Abe Lincoln Rock in Owsley County gains national recognition
A hidden sandstone Lincoln carved in southern Owsley County now sits in the Smithsonian’s art inventory, tying a local hillside landmark to a national record.

Abe Lincoln Rock now appears in the Smithsonian American Art Museum’s Inventories of American Painting and Sculpture, placing the Owsley County carving in a database that documents more than 400,000 artworks worldwide. For a landmark tucked into the hills near Booneville, that record gives a private piece of county memory a place in the country’s larger folk-art archive.
The sandstone bas-relief, carved into a boulder in the early 1930s, stands about 6 feet 4 inches tall, close to Abraham Lincoln’s actual height. Local lore says Granville Johnson, an itinerant peddler, stayed with the John Williams Sr. family while he recovered from illness and carved the image as a thank-you gift. Another strand of the story says Johnson claimed to be an Italian sculptor before leaving town, adding to the mystery that has followed the rock for decades.
The carving sits just off KY 846 in the Conkling area, about 500 feet up a mountain covered in kudzu vines. The route still crosses private property, and Wayne Gibson has said his family is willing to let visitors come through as long as the site is treated with care and there is no vandalism or littering. The Owsley County Fiscal Court discussed Abe Lincoln Rock at a June 12, 2023 meeting, including the possibility of moving it to a more accessible place, but officials judged that too difficult, too expensive and potentially damaging to the carving.
County stewardship has become part of the story. The county has acquired the sculpture and the surrounding acreage, a sign that local leaders see value in protecting the site even if access remains challenging. The Owsley County Public Library also keeps information on file in its history section, giving residents another place to trace the rock’s place in county memory.
That preservation debate lands in a county that is small even by rural Kentucky standards.

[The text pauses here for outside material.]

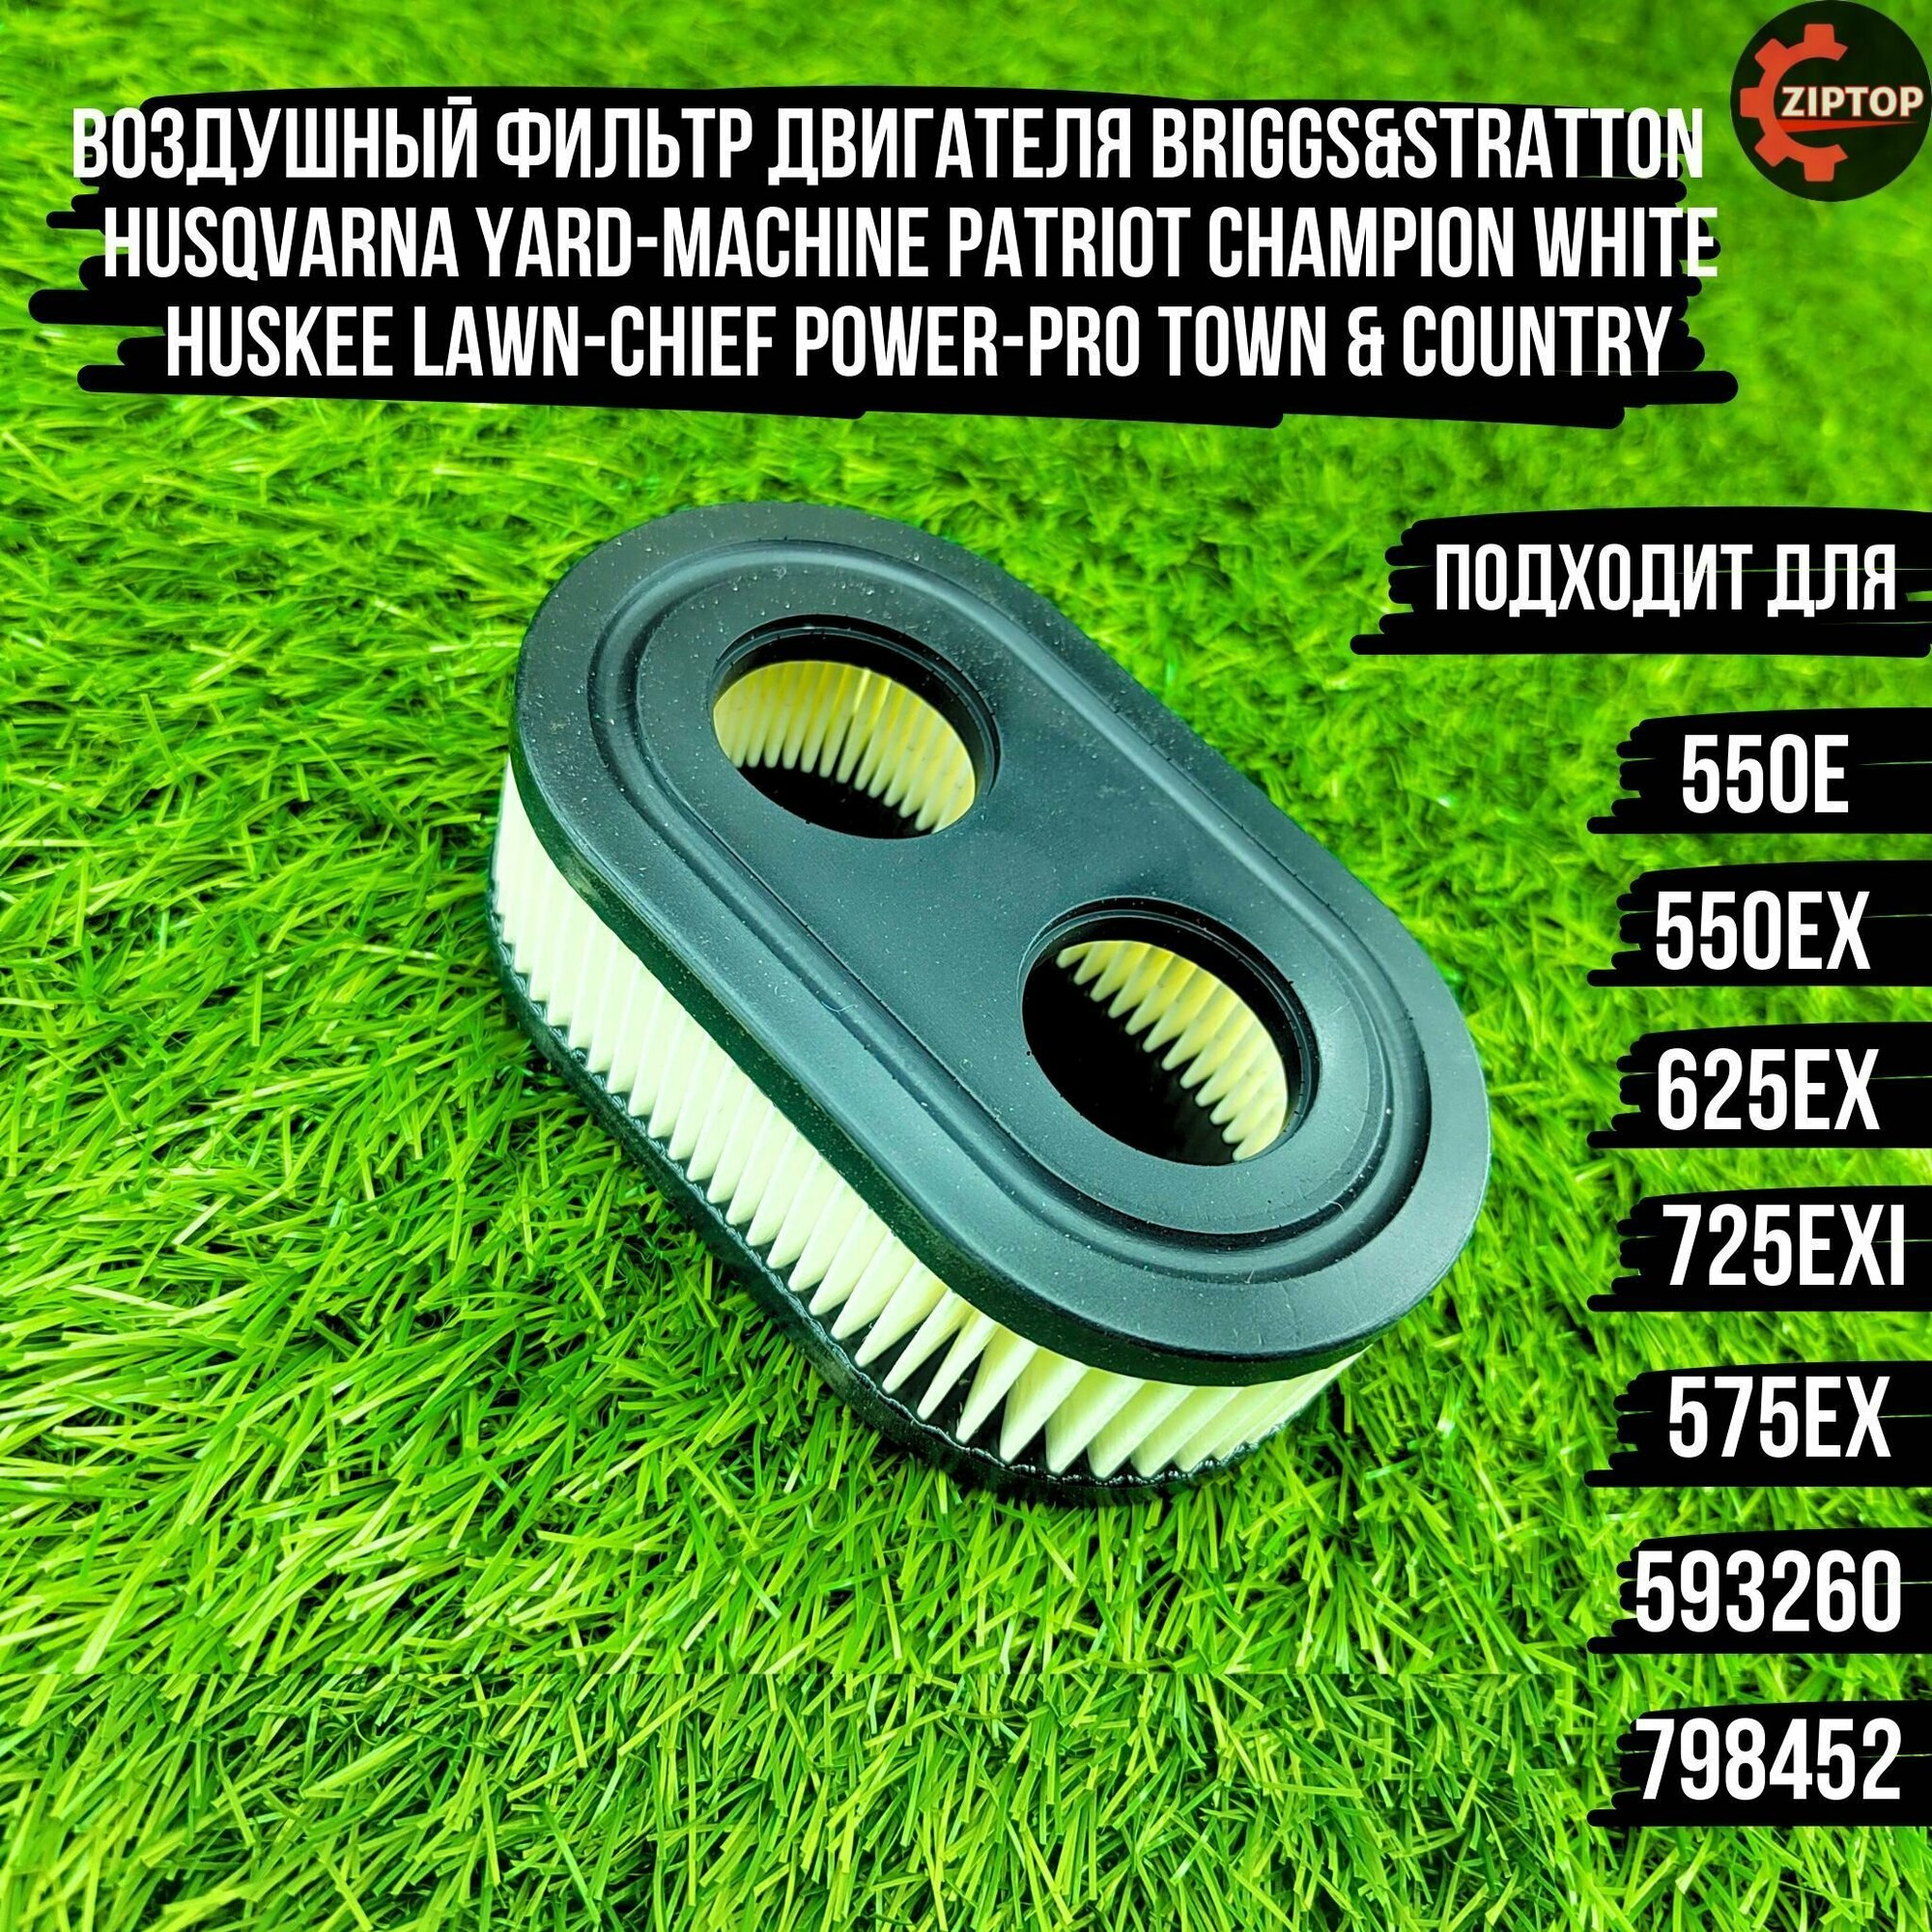 Воздушный фильтр двигателя Briggs&Stratton 550E, 550EX, 625EX, 725EXI, 575EX 593260, 798452, для газонокосилок Husqvarna Yard-Machine Patriot Champion White Huskee Lawn-Chief Power-Pro Town & Country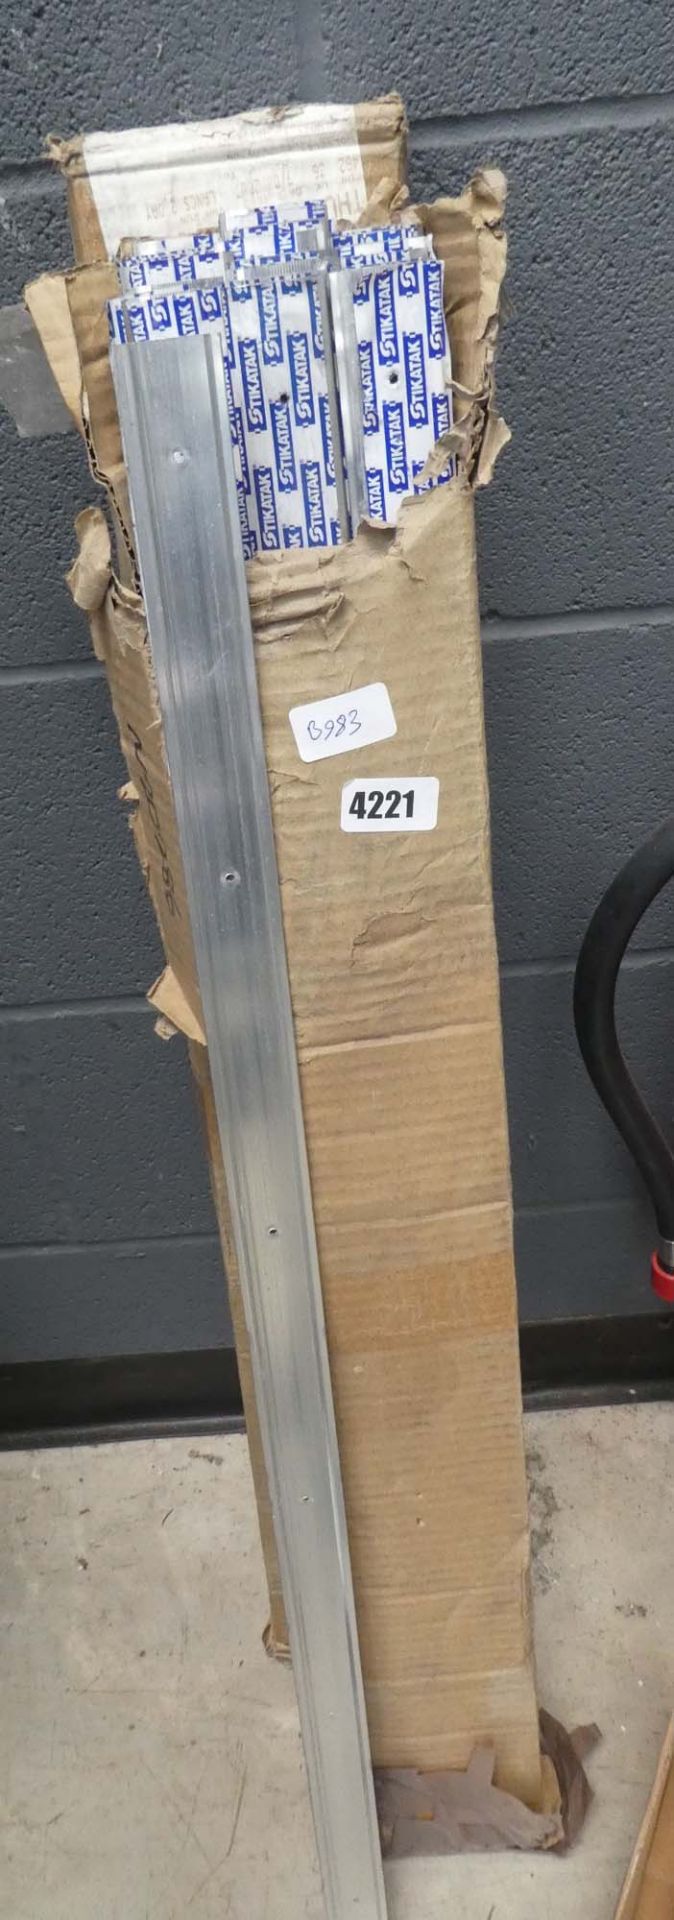 2x small boxes of door bars

Owsley County had 4,051 residents in the 2020 census and an estimated 3,932 on July 1, 2025. Census QuickFacts lists a 73.3% broadband subscription rate from 2020 to 2024 and a 35.1% disability rate among residents under 65, numbers that speak to the reach of geography and access in daily life.

In Conkling, Abe Lincoln Rock remains both a roadside curiosity and a marker of local identity, the kind of place where folk art, family lore and public stewardship all meet on the same hillside.